Similarly, we see the .rela.dyn section being defined by all of the .rela.init sub-sections first, and then the .rela.text sections laid out after. The reason the linker did not say .rela.dyn : { *(.rela) } is because it would’ve been laid out without the subsections (like rela.init) being grouped together.

Then, we see the PLT sections along with the GOT being laid out with .plt, .plt.got and .plt.sec sections defined in the example linker script above.

Then, we see two sections that we weren’t familiar with before - .init_array and .fini_array. These are actually calling the global constructors for statically initialized objects before the first line of code in main is actually executed, and calling the destructors for the same object upon exit of the main function. Within each translation unit (by definition, a single .c/.cpp file with all of the header files included) we will have .init_array sections containing global constructors.

Recall my blogpost from a while back, where I said you can’t have static constructors that depend on each other across translation units. This is because the linker can choose to order the calls of global constructors in whichever way it wants. Calling another static variable’s methods during static construction will give you undefined behavior unless you can go into the linker script and force a translation unit to be compiled first. (Or, just don’t do something so stupid)

Recap

So what did we learn about the g++ driver?

g++ is composed of 4 main parts - the preprocessor, the compiler, the assembler and the linker.
The preprocessor replaces macros in our C++ program into actual values.
The compiler uses a set of rules to traverse through our source code and generate the assembly code using the semantics of our program. It’s super complicated.
The assembler takes the assembly code and generates object code (not machine code).
The linker gets instructions via the linker script to group our sections in the ELF object files in a particular organization to create an executable.

Below is a diagram for clarity:

Now that we’ve understood what g++ does roughly, let’s actually look at the emitted assembly code placed in these sections!

Analyzing Generated Procedures: `Objdump`

Our goal this section is to understand what procedures are generated from the compiler, what they’re used for, and in what order they are executed.

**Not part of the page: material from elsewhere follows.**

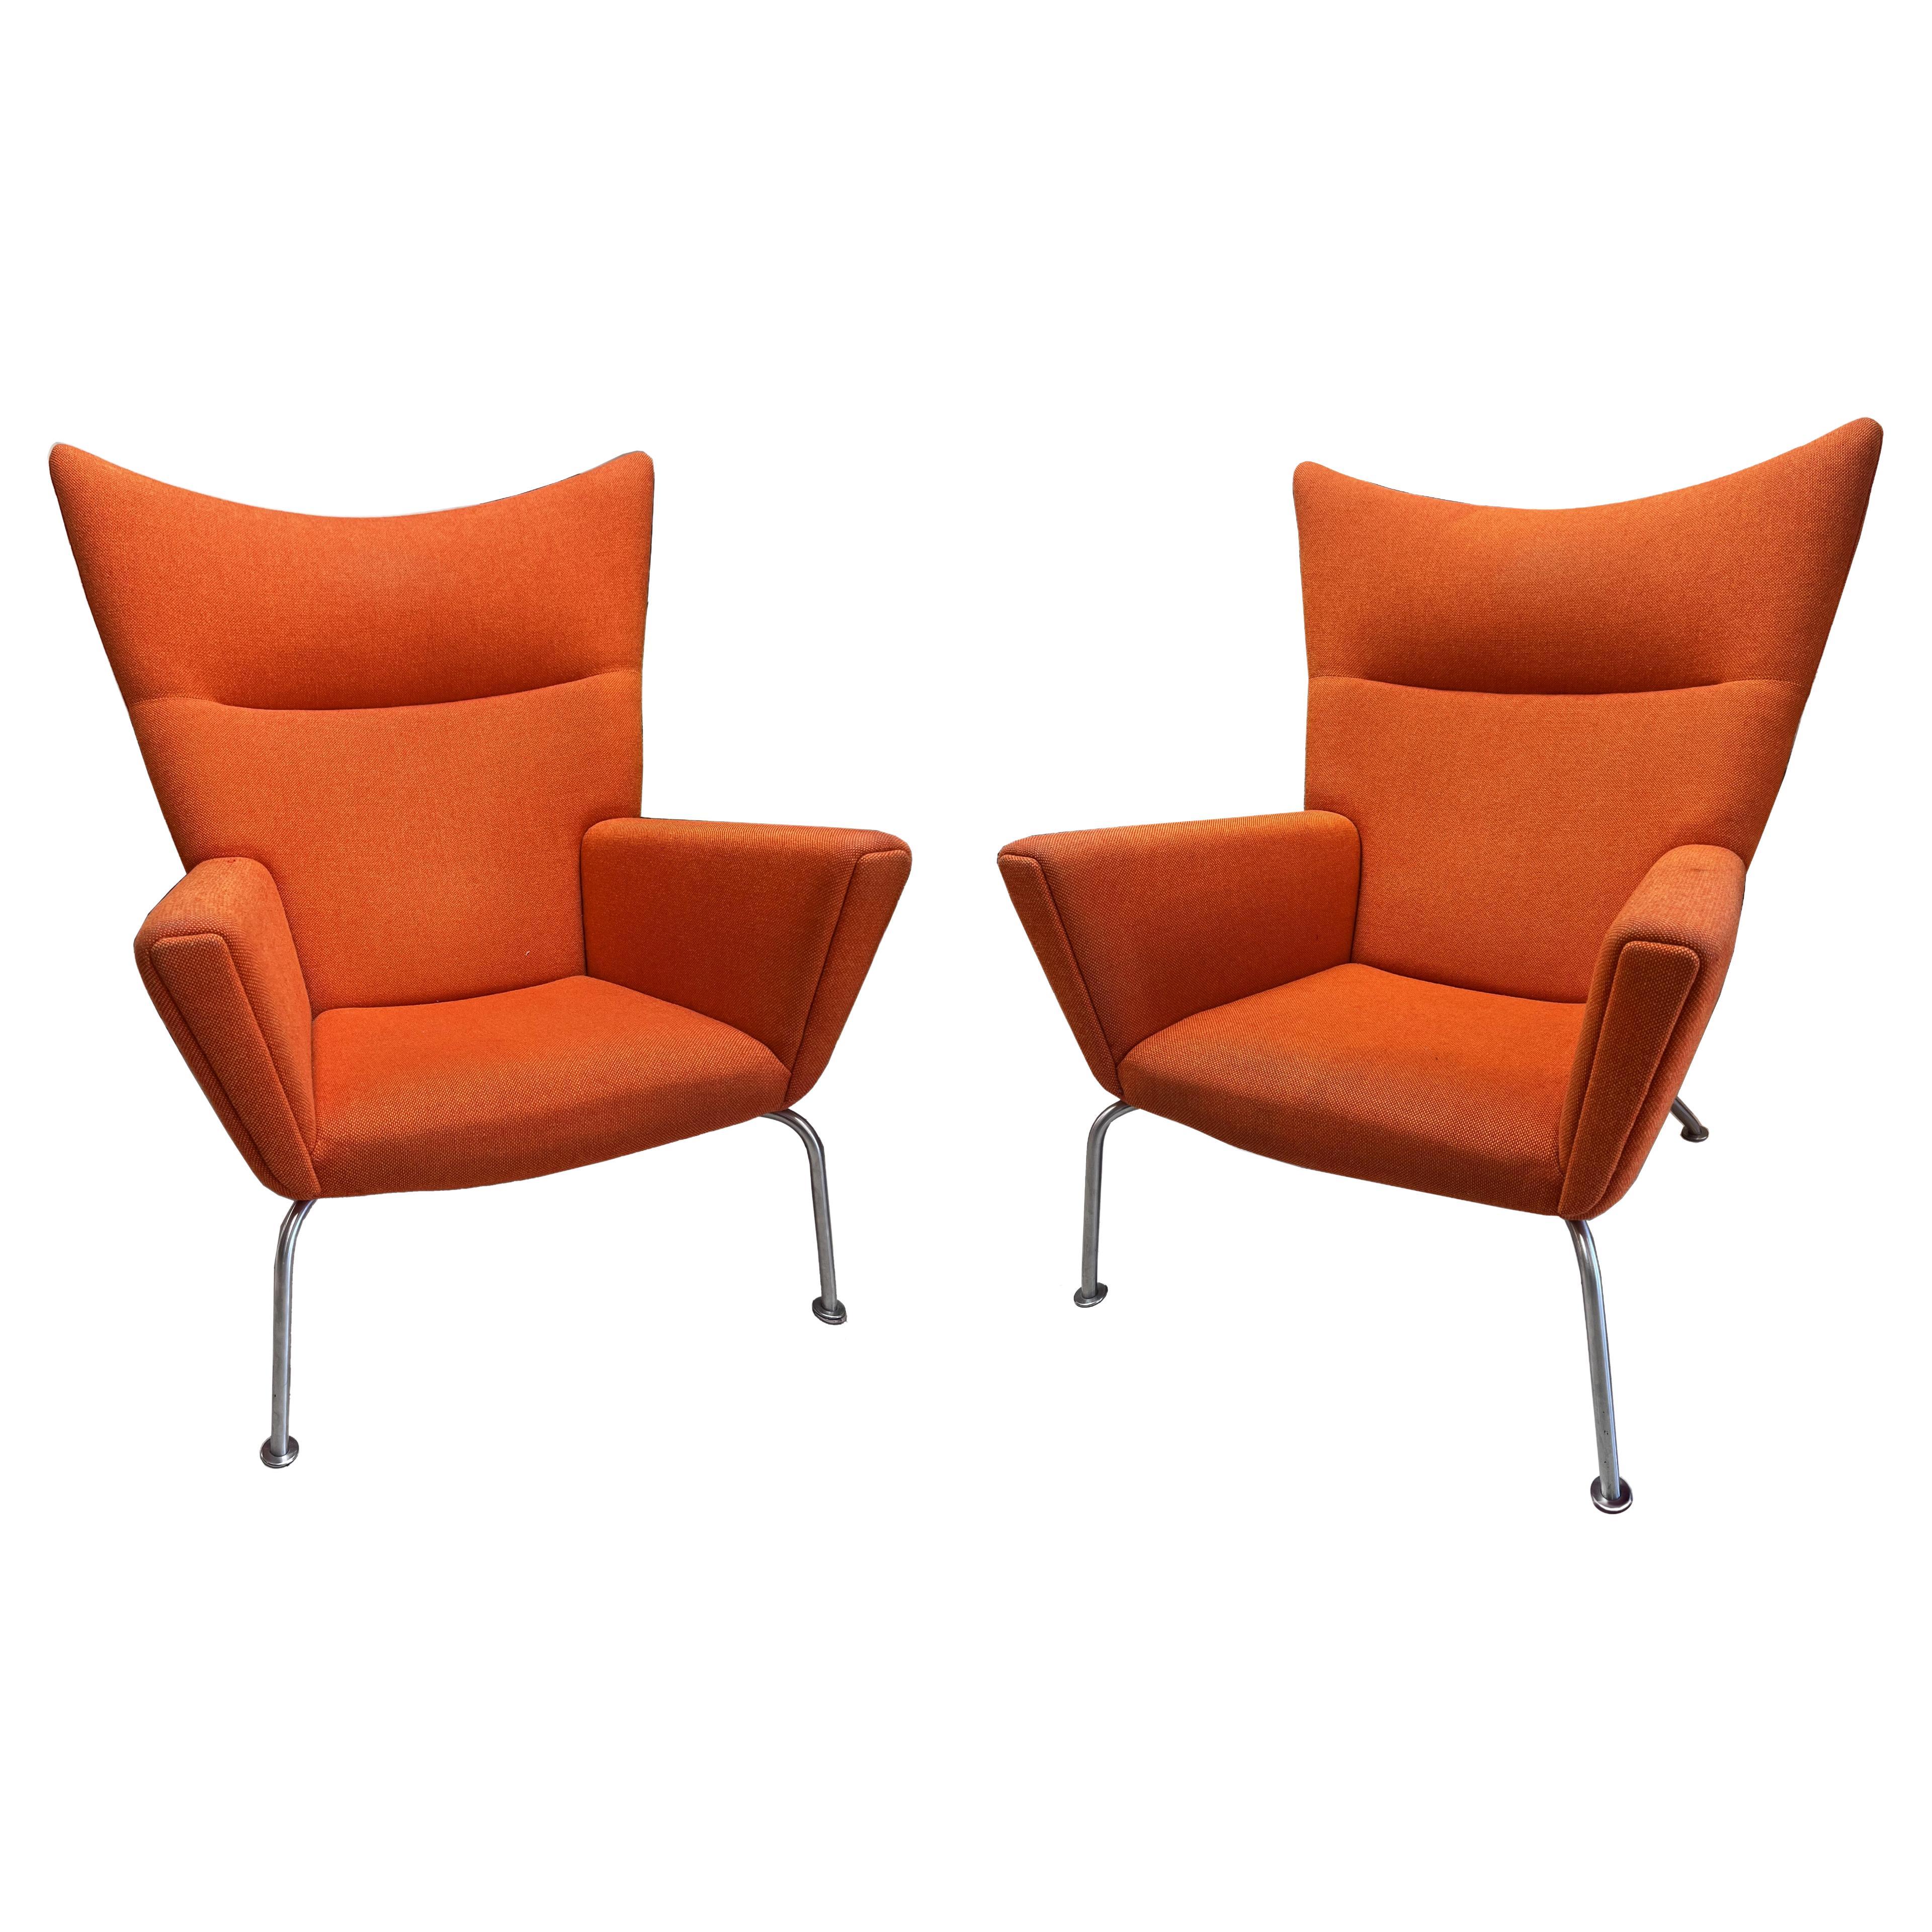 Rare Pair of Early Hans Wegner for Carl Hansen Wing Chairs

The objdump command quite literally dumps an object file’s information. The command I used is in the Makefile above and can be invoked by make dump. For such a small program, we have a surprising amount of sections to analyze. However, all of them are important.

`main` - The dumb and obvious

Let’s see the most obvious function that we were expecting: the main function.

0000000000401106 <main>:
# Push prev. caller addr into stackframe
  401106:	55                   	push   rbp 
# Put current stack frame into rbp
  401107:	48 89 e5             	mov    rbp,rsp 
# Put return code 0 into eax
  40110a:	b8 00 00 00 00       	mov    eax,0x0 
# Get caller addr
  40110f:	5d                   	pop    rbp 
# Return function
  401110:	c3                   	ret    
# The next two lines are multi-byte no-ops for padding.
  401111:	66 2e 0f 1f 84 00 00 00 00 00 	nop    WORD PTR cs:[rax+rax*1+0x0]
  40111b:	0f 1f 44 00 00       	nop    DWORD PTR [rax+rax*1+0x0]

Nothing too fancy here - the function returns a literal value of 0 and does nothing else. Let’s find the more interesting sections of the assembly dump and analyze them.

`_start` - True start of the program

Disassembly of section .text:

0000000000401020 <_start>:
# Same end branch instr as above
  401020:	f3 0f 1e fa          	endbr64 
# sets ebp to 0
  401024:	31 ed                	xor    ebp,ebp
  401026:	49 89 d1             	mov    r9,rdx
# Takes the top of the stack (argument), which is `argc` for C++.
# Pop also causes rsp to increase by 8 bytes (stack grows from high to low)
  401029:	5e                   	pop    rsi
# Moves `argv` pointer value into rdx.
  40102a:	48 89 e2             	mov    rdx,rsp
# Forcibly grow the stack a bit.
  40102d:	48 83 e4 f0          	and    rsp,0xfffffffffffffff0
# pushes:
# - argc
# - argv 
# - aligned stack ptr
# - garbage registers 
# ... as arguments before calling __libc_start_main
  401031:	50                   	push   rax
  401032:	54                   	push   rsp
  401033:	49 c7 c0 90 11 40 00 	mov    r8,0x401190 # addr of __libc_csu_fini
  40103a:	48 c7 c1 20 11 40 00 	mov    rcx,0x401120 # addr of __libc_csu_init
  401041:	48 c7 c7 06 11 40 00 	mov    rdi,0x401106 # addr of main
  401048:	ff 15 9a 2f 00 00    	call   QWORD PTR [rip+0x2f9a]        # 403fe8 <__libc_start_main@GLIBC_2.2.5>
  40104e:	f4                   	hlt    
  40104f:	90                   	nop

This is the first function in .text and is the first function the program executes. Basically, _start prepares the system to call the __libc_start_main function, which takes in the following arguments:

int __libc_start_main(int *(main) (int, char * *, char * *), 
                      int argc, 
                      char * * ubp_av, 
                      void (*init) (void), 
                      void (*fini) (void), 
                      void (*rtld_fini) (void), 
                      void (* stack_end));

Which seems to line up with the arguments the assembly code is preparing prior to calling the function. The pattern of moving arguments into registers and overflowing onto the stack via push is done here with the ubp_av variable, which looks at argv on the stack.

Why is this _start function in our binary? We never declared it!

We also see the functions __libc_csu_fini and __libc_csu_init pointers being moved into registers as callee-side arguments into __libc_start_main. What are these?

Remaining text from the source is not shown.